I can prove it for variable-length messages, but for fixed-length messages, I had the following argument that it is indeed secure:
By way of contradiction let $D$ be an attacker that breaks the security of this MAC scheme of messages of length $l$. We construct another attacker $A$ that breaks the security of CBC-MAC for messages of length $l + 1$ using $D$ as a subroutine as follows:
- For every message $m_i$ that $D$ sends to the modified MAC oracle for tagging, $A$ take it instead and sends to the CBC-MAC oracle the message $t_0||m_i$ for some uniformly random $t_0$.
- $A$ receives the tag for each message $t_0||m_i$ and sends it back to $D$ (for $D$'s perspective, it is the same as the modified MAC oracle).
- After a polynomial number of queries, $D$ sends the message $m$ and the tag $\left<t_0, t\right>$ for verification where the probability that Vrfy$(m, \left<t_0, t\right>)$ returns true is not negligible.
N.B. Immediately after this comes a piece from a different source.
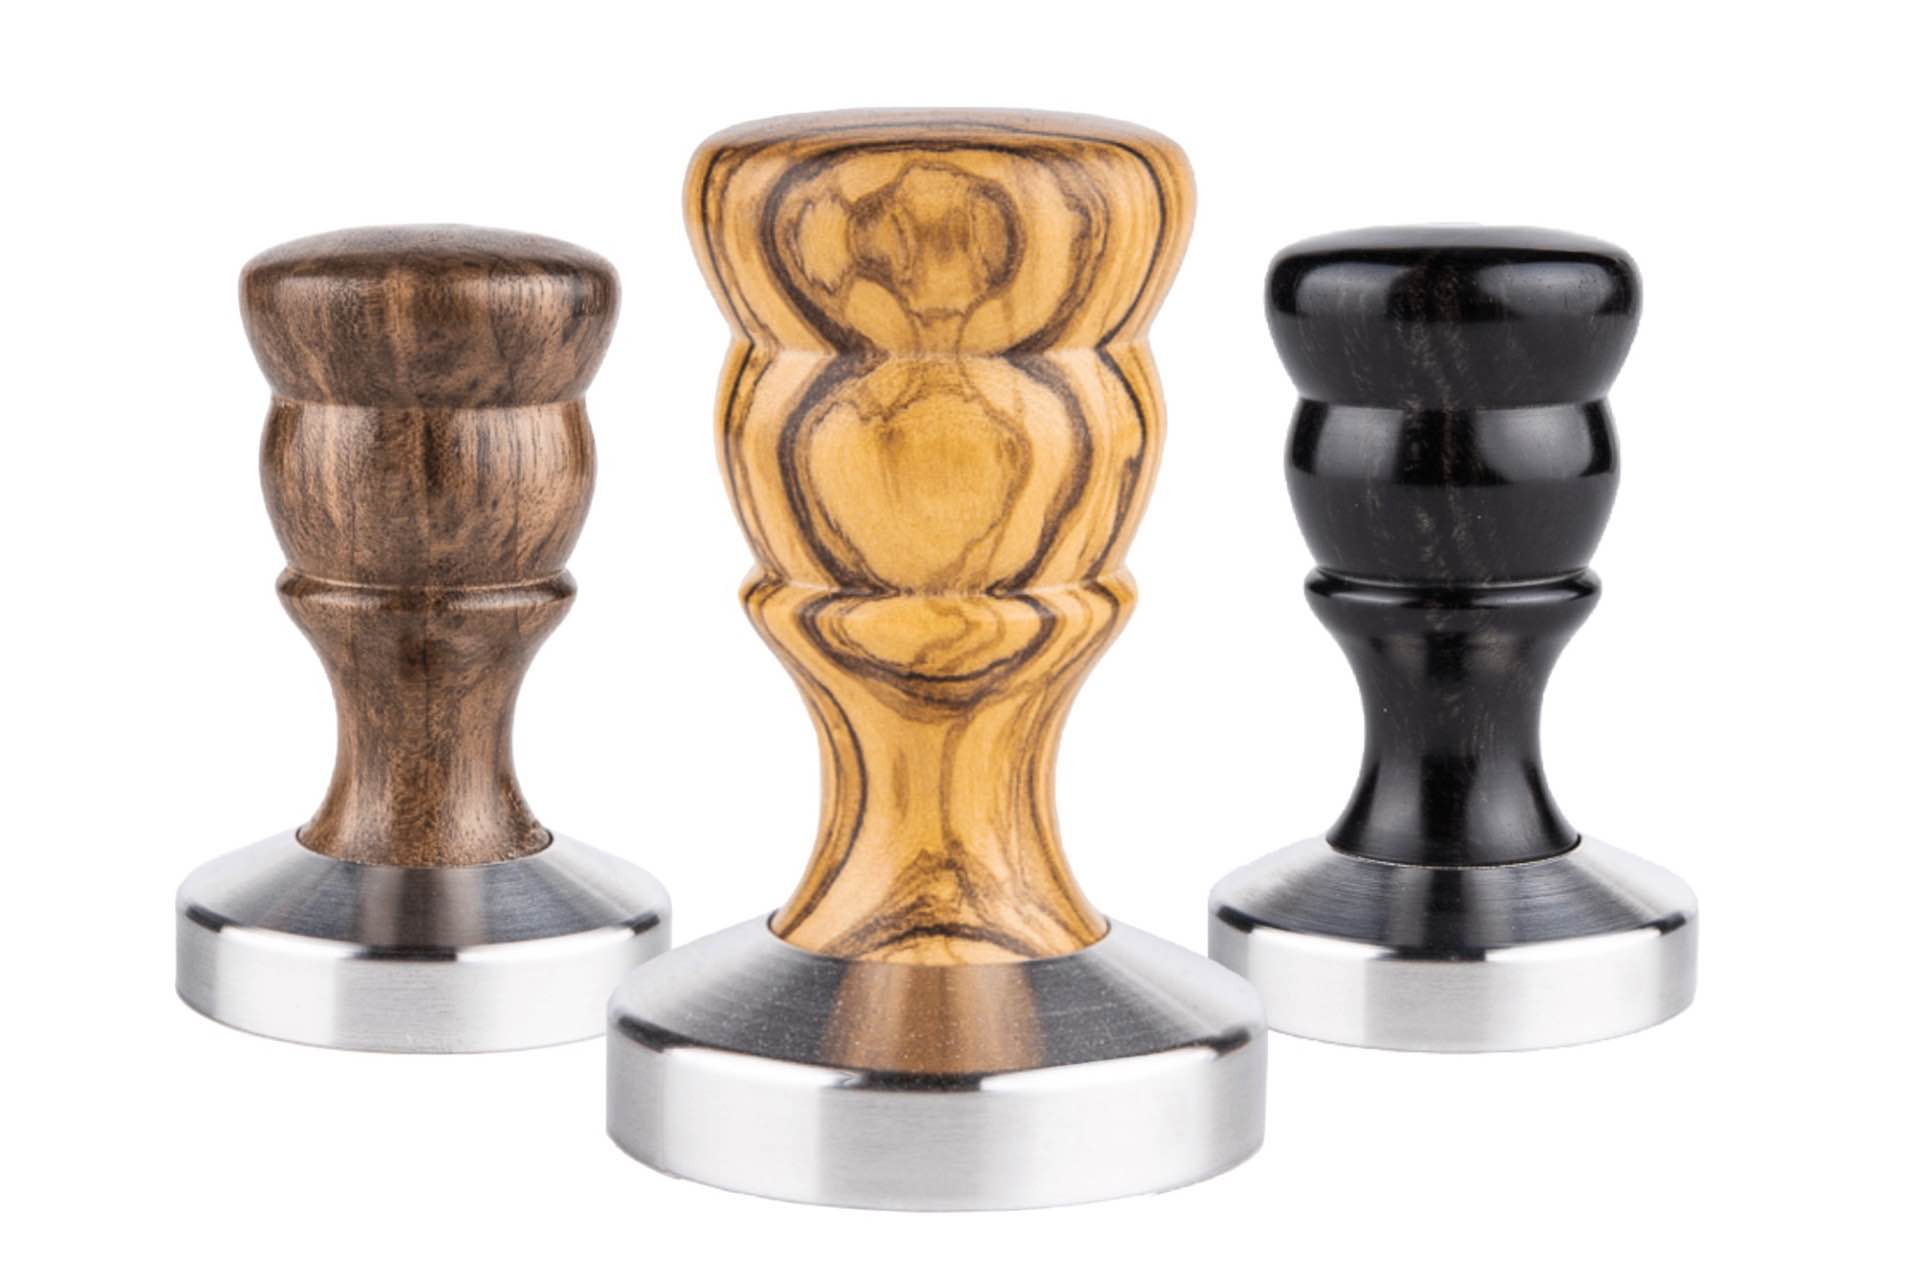 mussa-hera-wooden-espresso-tampers

- $A$ then sends the message $t_0||m$ and the tag $t$, and it easily follows that $\text{Vrfy}(t_0||m, t) = \text{Vrfy}(m, \left<t_0, t\right>)$
this suggests that CBC MAC is not secure for fixed-length messages, which raises a contradiction. So, our assumption must be wrong and this modified CBC-MAC is secure.
Now, is there anything wrong about this argument?